_TASK DESCRIPTION_: Transcribe exactly, and without pictures, the lines from the one that contains "Collectible Figurine Black" through the last line of the material.

_DATA SECTION_:
◇ ◇ ◇ ◇ ◇
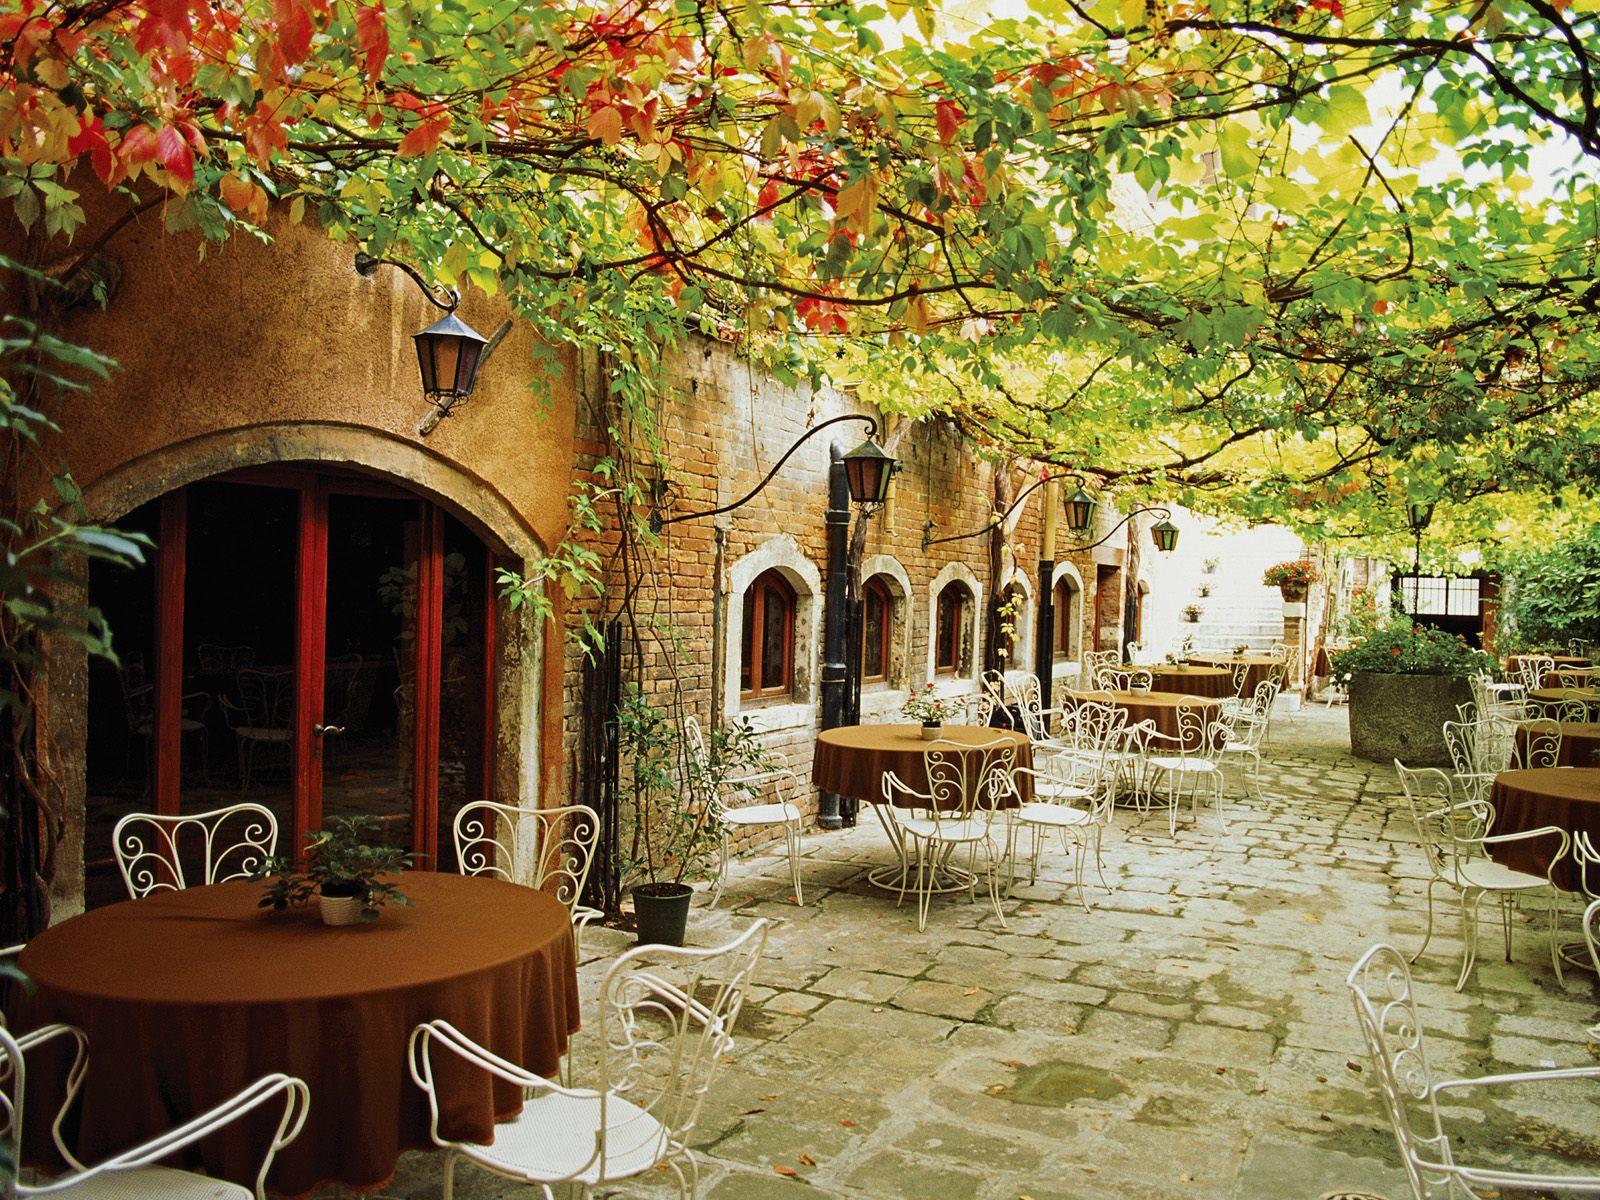 http://1.bp.blogspot.com/-m63n6vH6ZFQ/Tcp3ZDnBUiI/AAAAAAAACW4/PfUmUYgpvaA/s1600/Dining+Alfresco%252C+Venice%252C+Italy.jpg
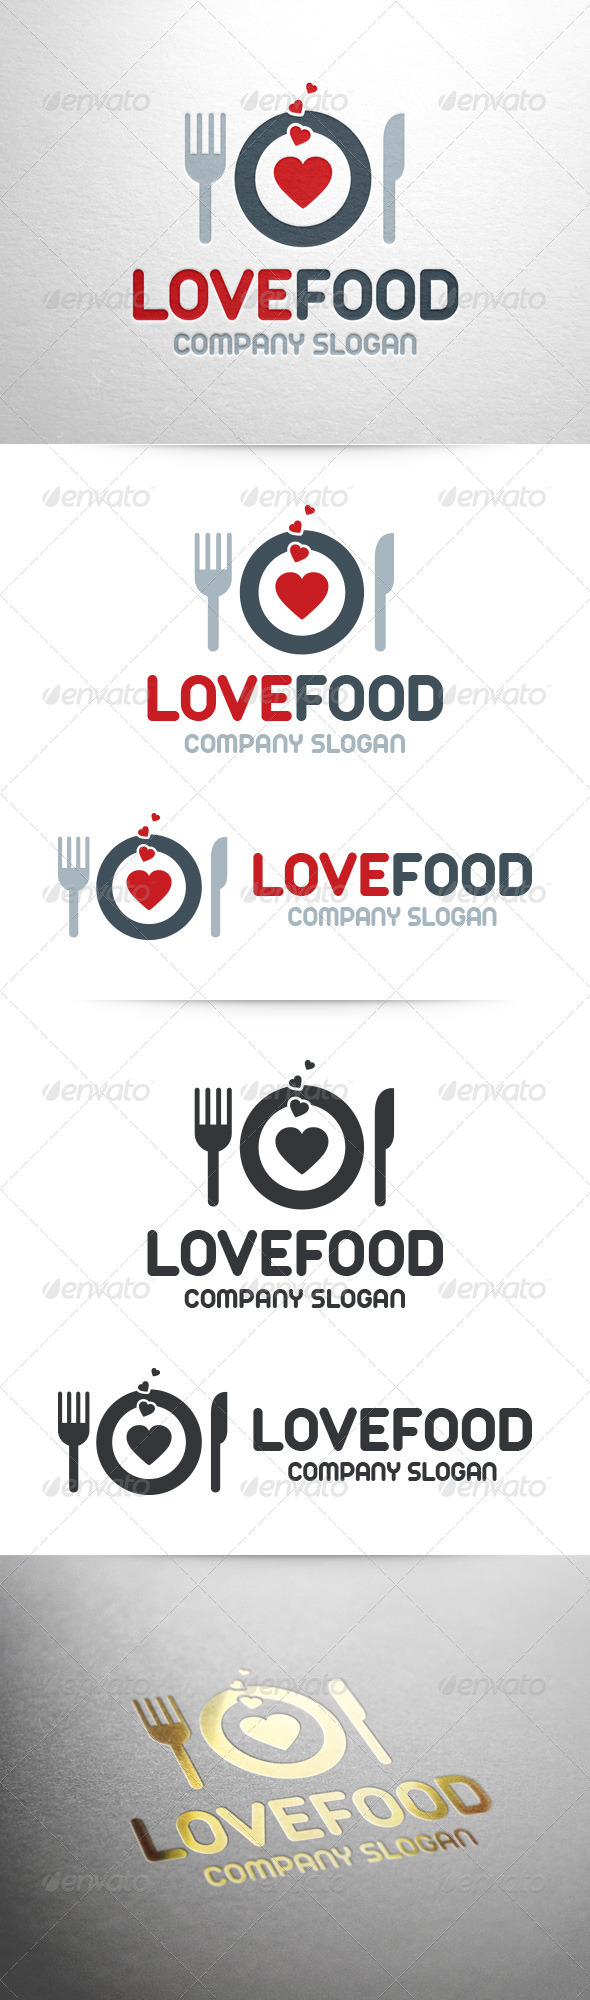 Love Food Logo Template - Food Logo Templates
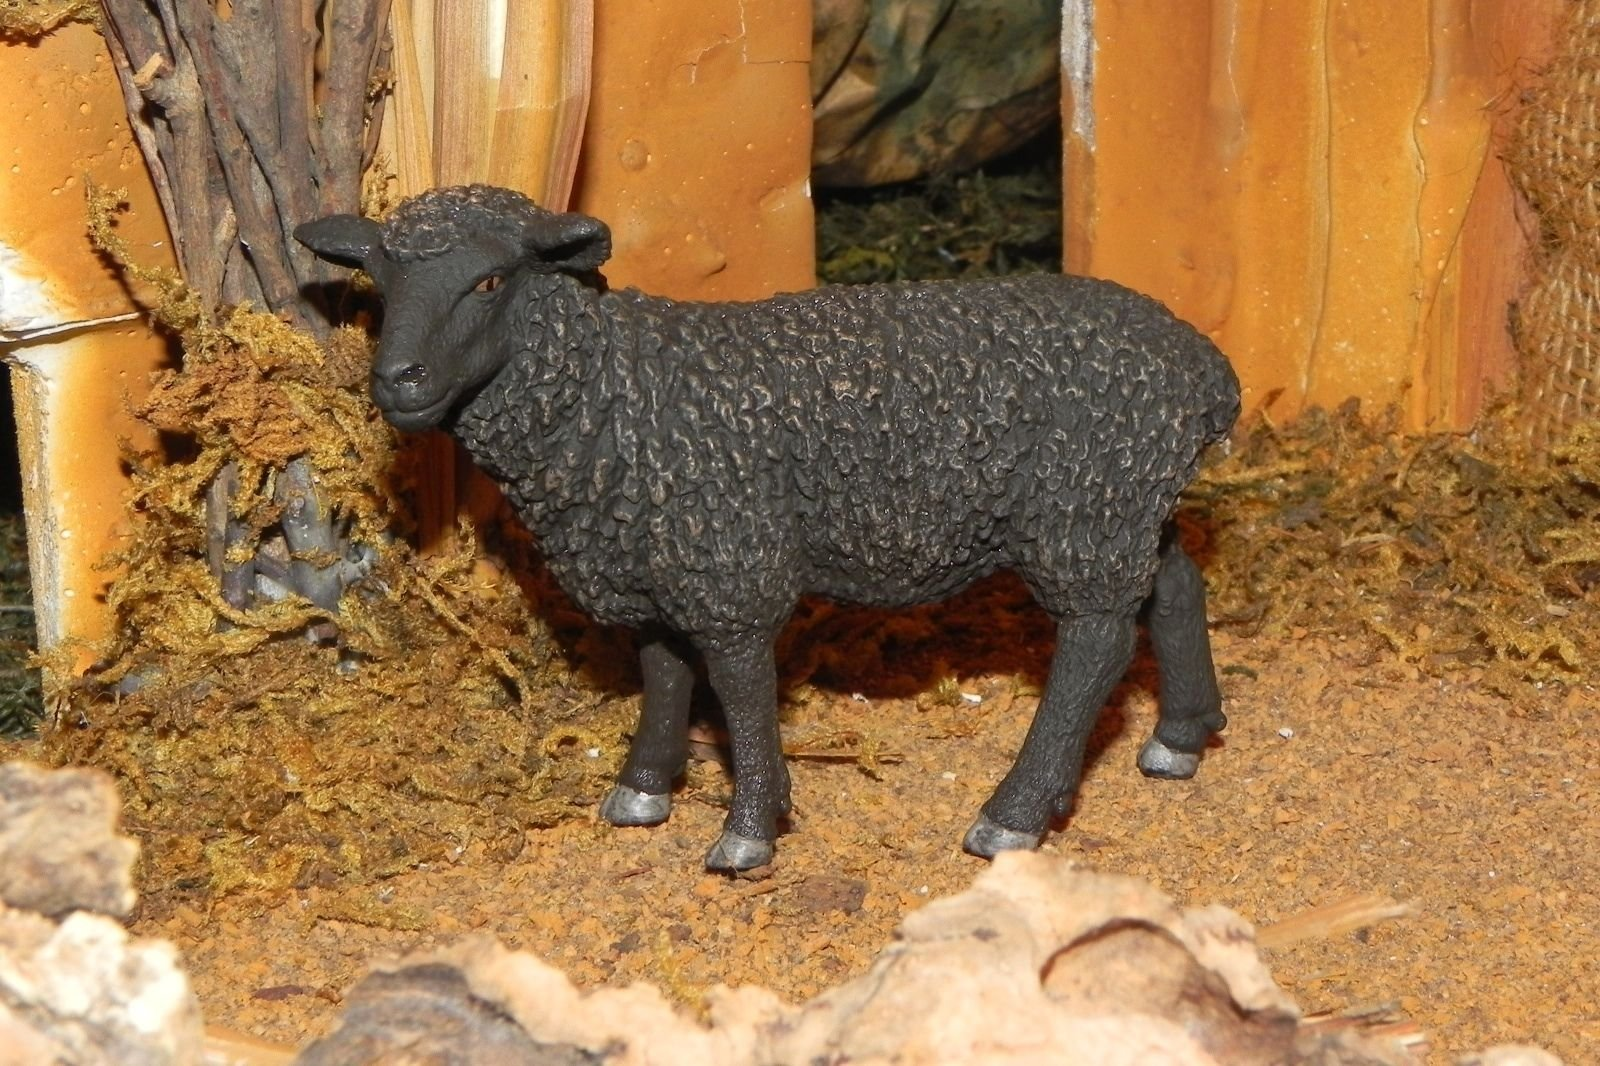 Collectible Figurine Black Sheep Animal 5'' Nativity Scene Figure - USA_Mall
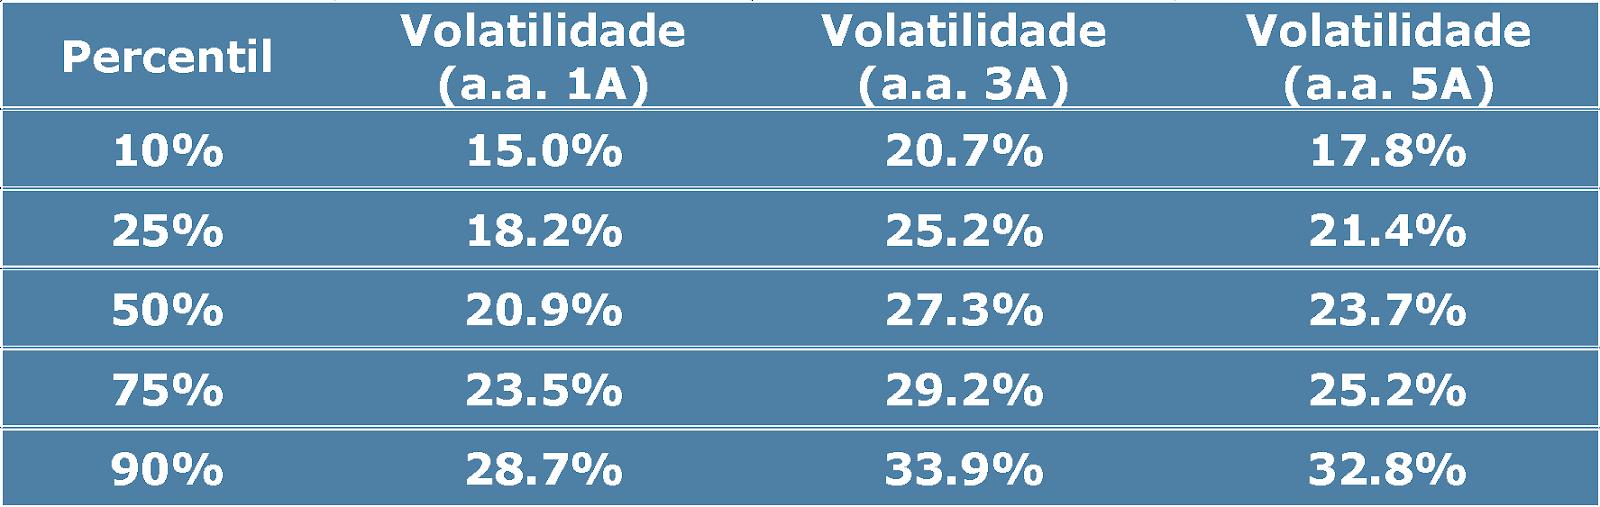 Percentis da Amostra
◇ ◇ ◇ ◇ ◇
_EXPECTED OUTPUT_:
 Collectible Figurine Black Sheep Animal 5'' Nativity Scene Figure - USA_Mall
 Percentis da Amostra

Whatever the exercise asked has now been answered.